• _EXERCISE_
Write out exactly the lines of the entries below from the one holding "Cerebras Wafer Scale" to the one holding "ساخت پروفایل کاربری", inclusive, and leave out all other lines.

• _MATERIAL FOR THIS EXERCISE_
-------

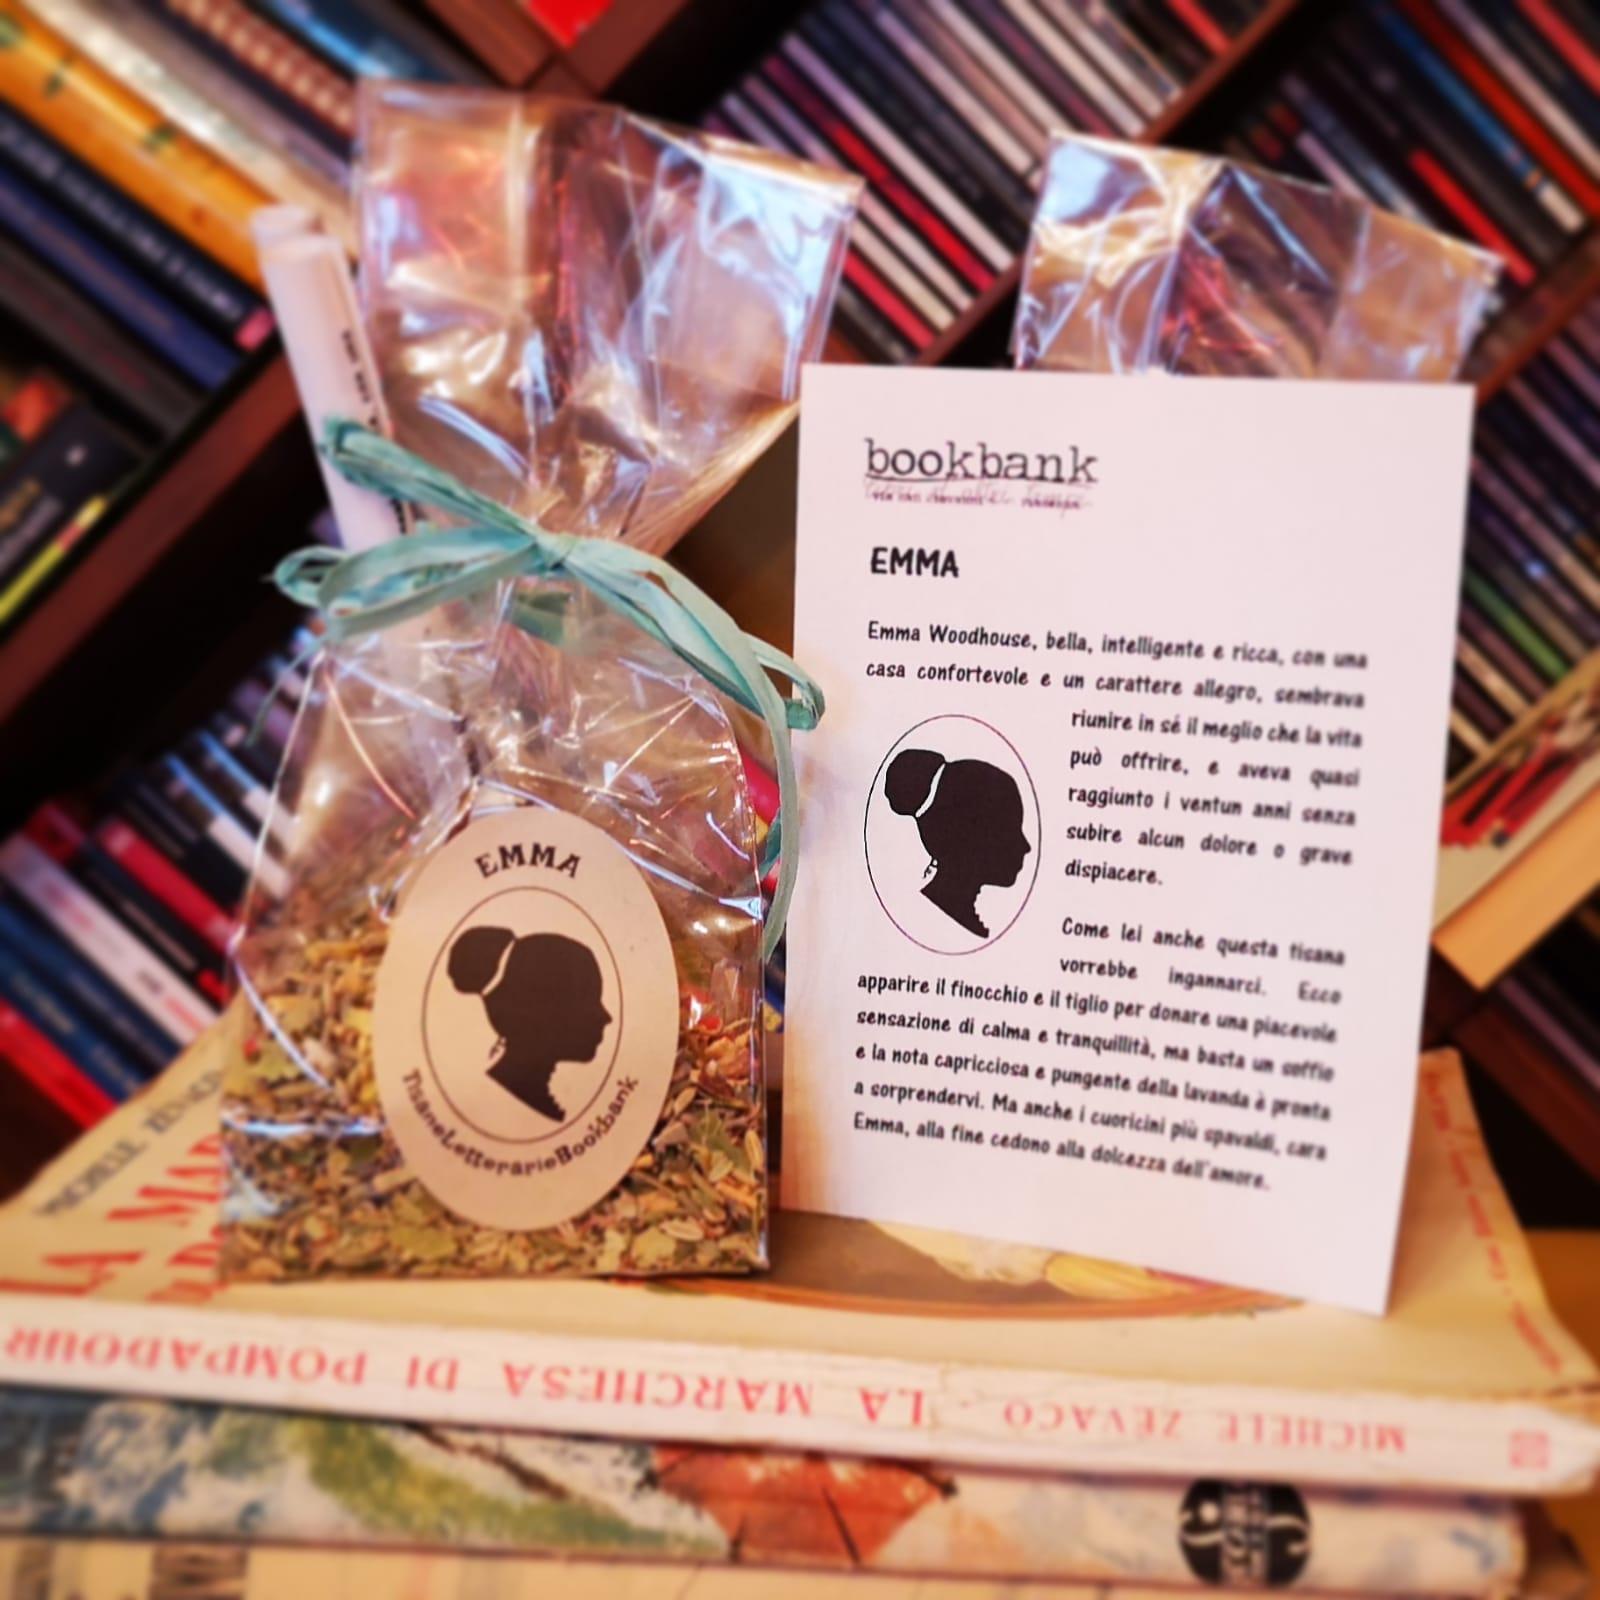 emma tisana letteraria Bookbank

-------

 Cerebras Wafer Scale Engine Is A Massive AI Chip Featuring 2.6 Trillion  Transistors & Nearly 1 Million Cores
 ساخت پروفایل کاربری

-------

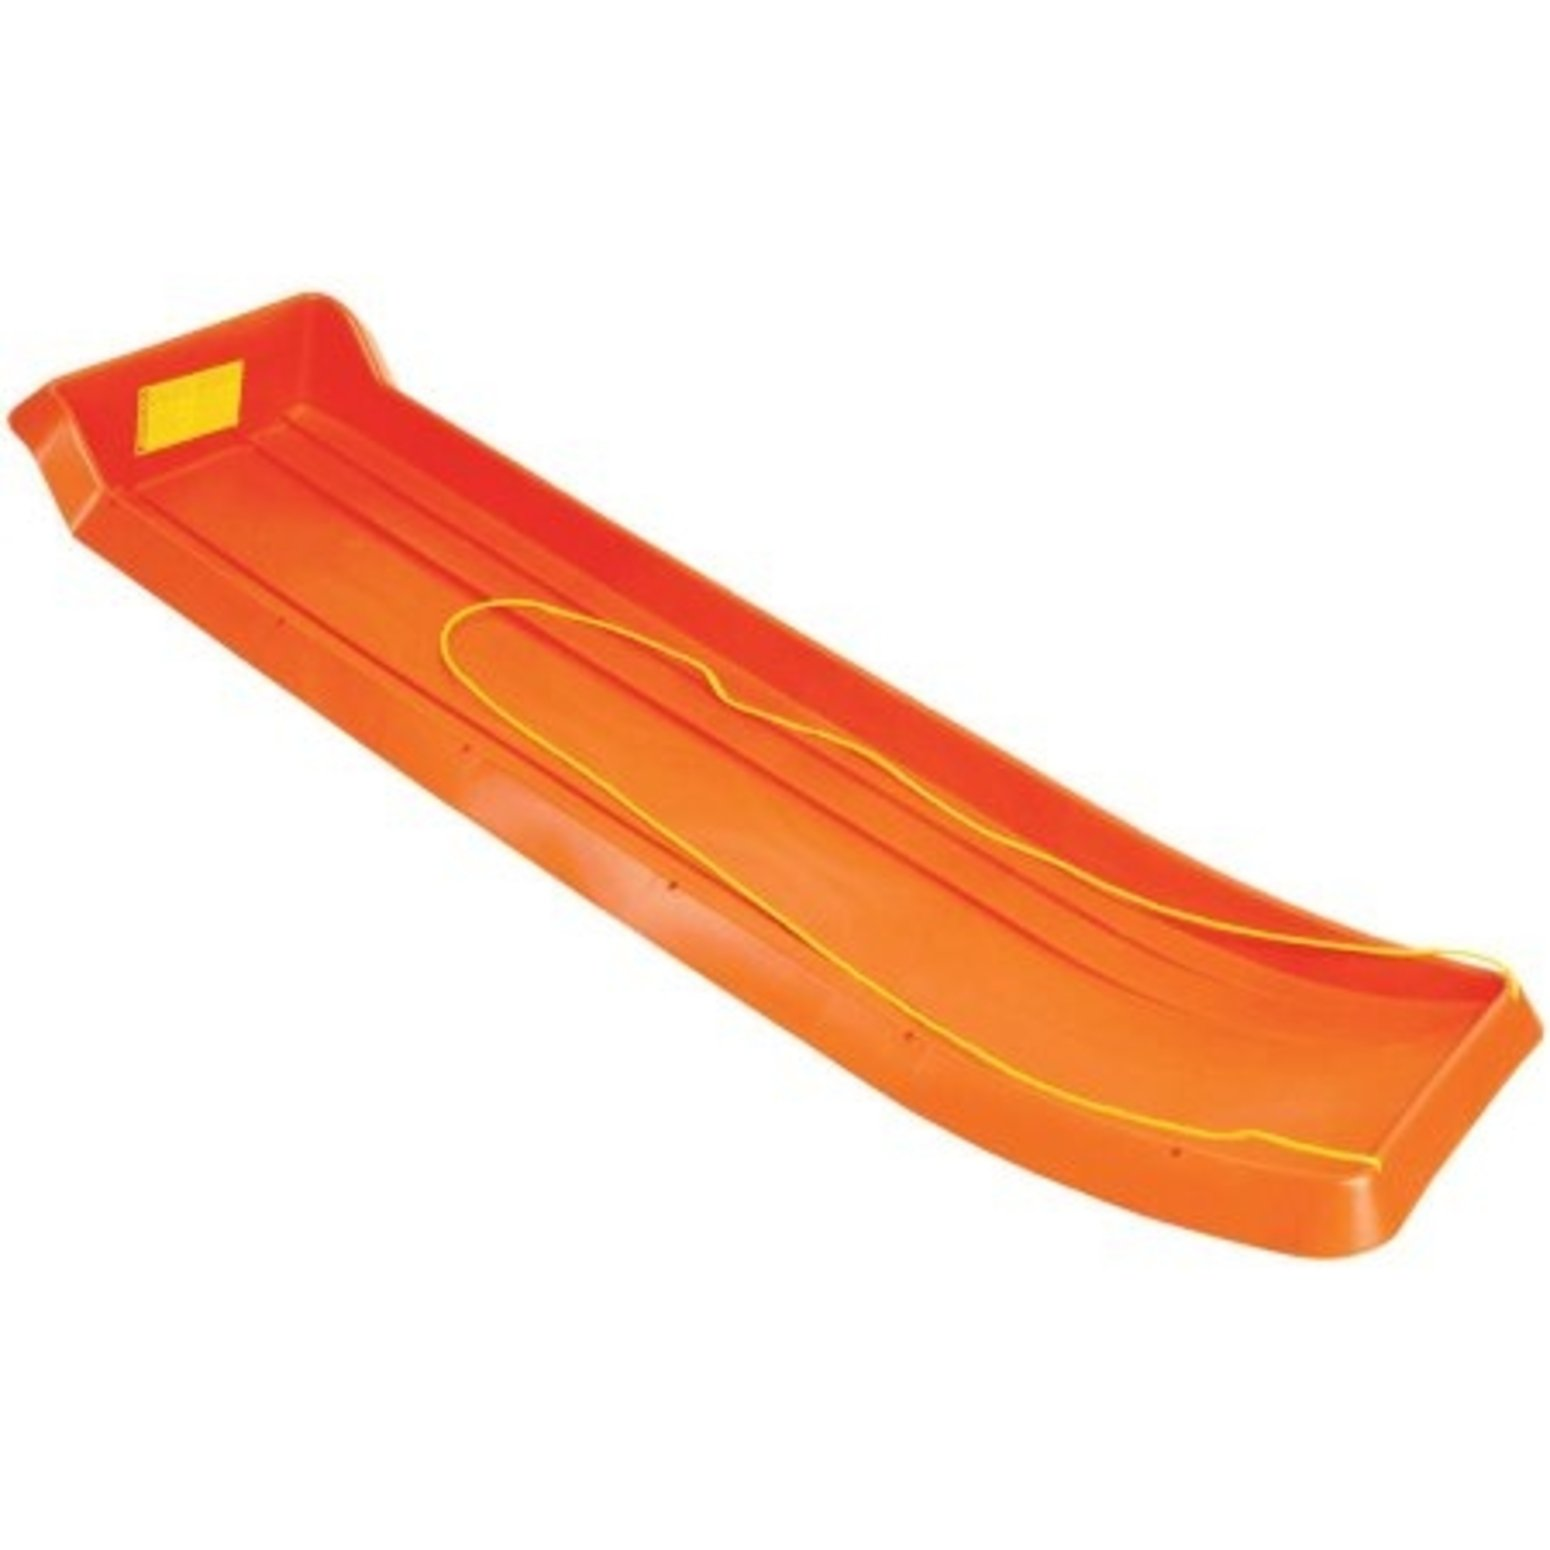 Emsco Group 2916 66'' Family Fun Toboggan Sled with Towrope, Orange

-------

• _THE ANSWER_
 Cerebras Wafer Scale Engine Is A Massive AI Chip Featuring 2.6 Trillion  Transistors & Nearly 1 Million Cores
 ساخت پروفایل کاربری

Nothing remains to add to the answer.